SWH 202 Health Wellbeing and Social Work








Case Study 3:
Discussed at Tutorial 3 (Week 5)








PART A







Noni Bagga has been referred to you.
You a social worker working in private practice in Ronnaberg
and you visit Harrisvale once a month using a room in the GP surgery. Here you see a small number of patients who are referred to you by the local GP, Dr Korman or other professionals who visit the area. You usually see patients for 6 -10 sessions as they are covered under the Better Access Medicare initiative. You are an accredited mental health social worker (AASW).






Dr Korman says in his referral letter (you have met him but he is always busy and difficult to pin down apart from brief telephone conversations) that Noni is not coping at home with the children and her relationship with Sid her husband is deteriorating. Her son Sadil (Junior) will be seen by the Child and Youth Mental Health Service psychiatrist and/or members of her team within the next few weeks. The GP tells you that he thinks Sadil has Attention Deficit Hyperactivity Disorder (and you know that he has diagnosed quite a number of young people at the primary school over the last 18 months). However, Noni believes bullying and discrimination from kids at school are at the heart of Sadil’s problems.

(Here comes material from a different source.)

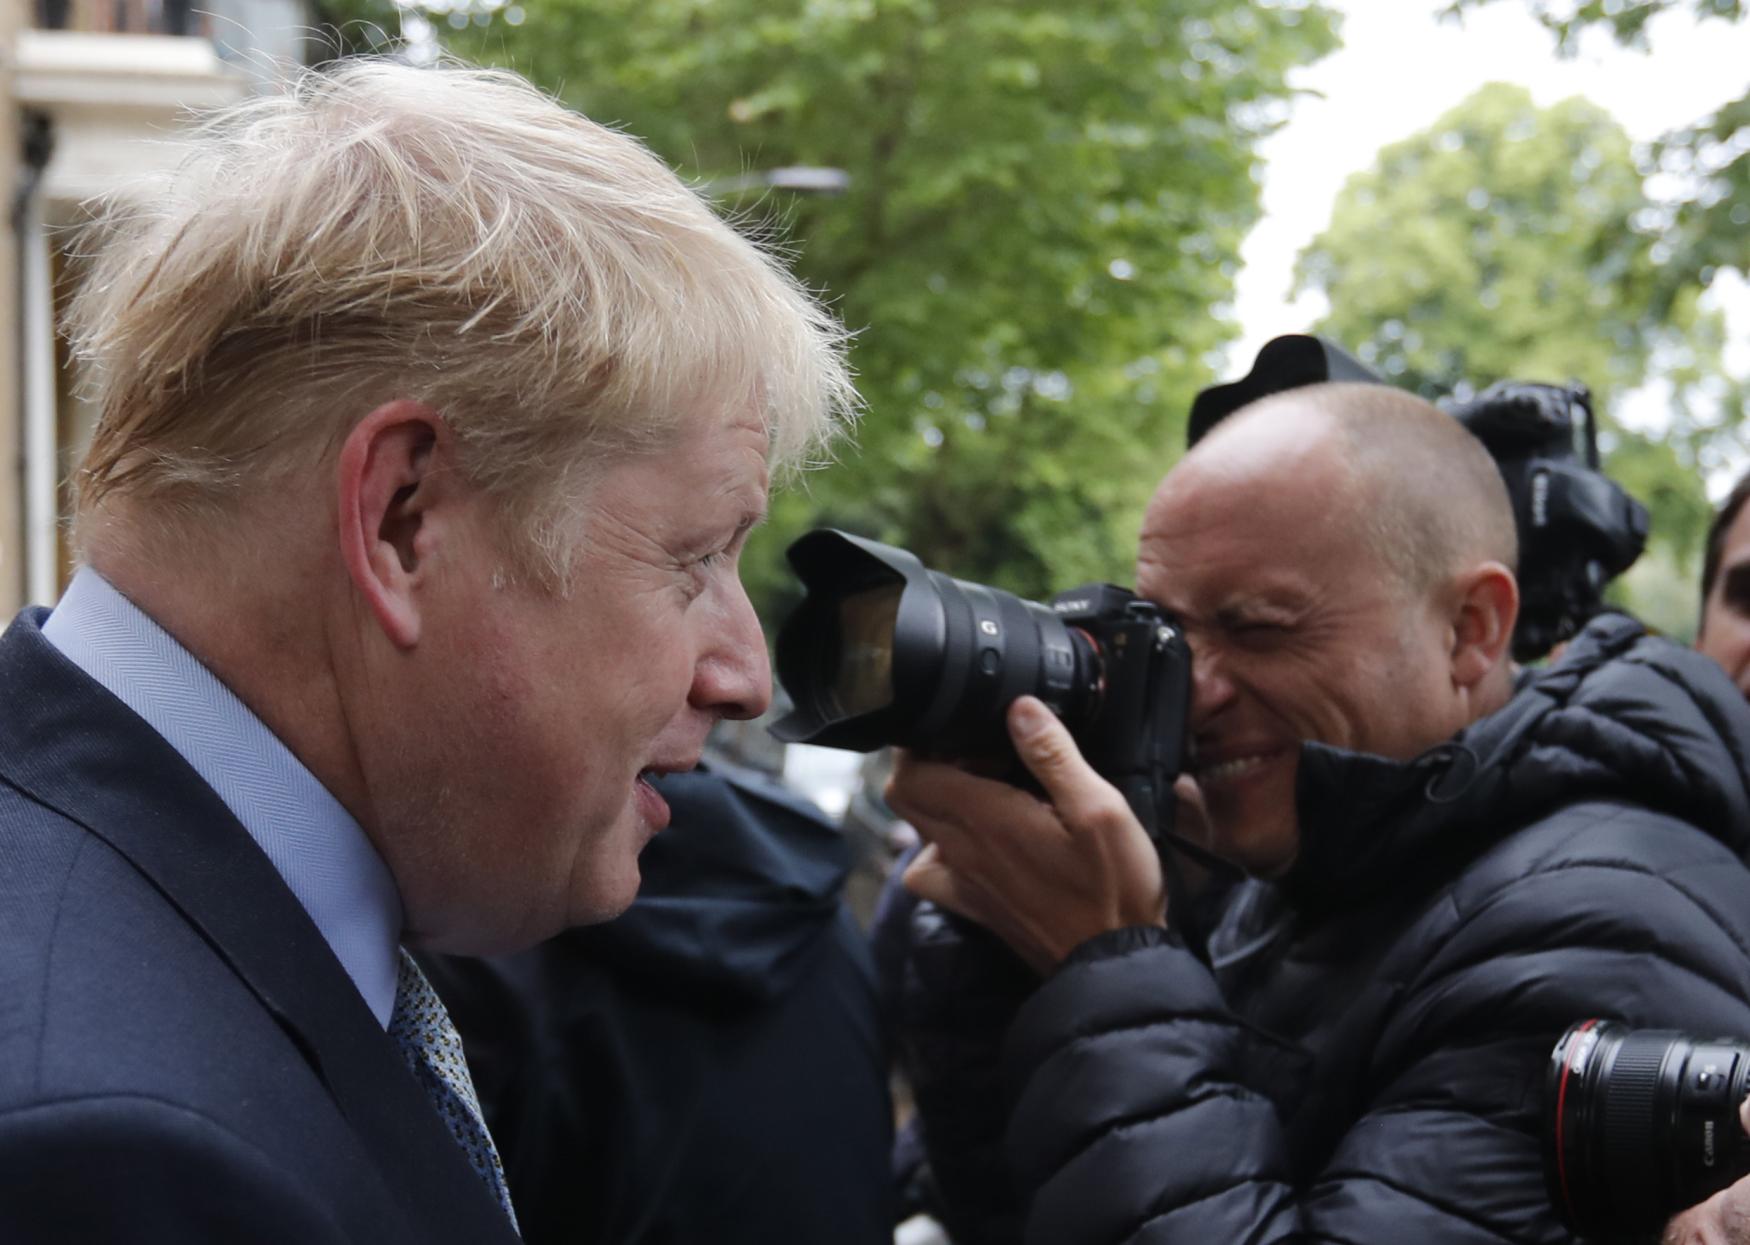 Bude Boris Johnson příštím britským premiérem?

Some of the teachers there appear to ignore this bullying. The Headmaster appears somewhat ambivalent and also believes that Sadil has ADHD. Noni is “sure” there is educational department policy somewhere about how to properly manage such situations but worries if she brings this up her job may be at risk. Money and the need for a regular income are significant concerns for the Bagga family. Sid is so grumpy and Noni can only imagine if he came home to find out that Sadil was expelled and Noni had lost her job. She also worries that he is drinking too much.






When she questioned Sid about his drinking he shouted at her and told her to just be a “good wife” and go away and look after the children. Noni was really surprised at his response. Sid really upset little Tia when they had this argument. Tia started screaming and usually she is so quiet. Tia has had bad nightmares lately and needed a night light left on which Sid said was ridiculous. Sid tells Noni she is hopeless with the kids. Noni thinks his back is giving him pain again and that this is why he is drinking eg. she thinks he is self-medicating using alcohol. Noni wonders if Sid could get medicinal marijuana prescribed. She knows his pain levels are very high but he is so cranky and difficult at the moment. Noni dares not raise his pain with him again.







Please respond.
You are the social worker working in private practice in Harrisvale.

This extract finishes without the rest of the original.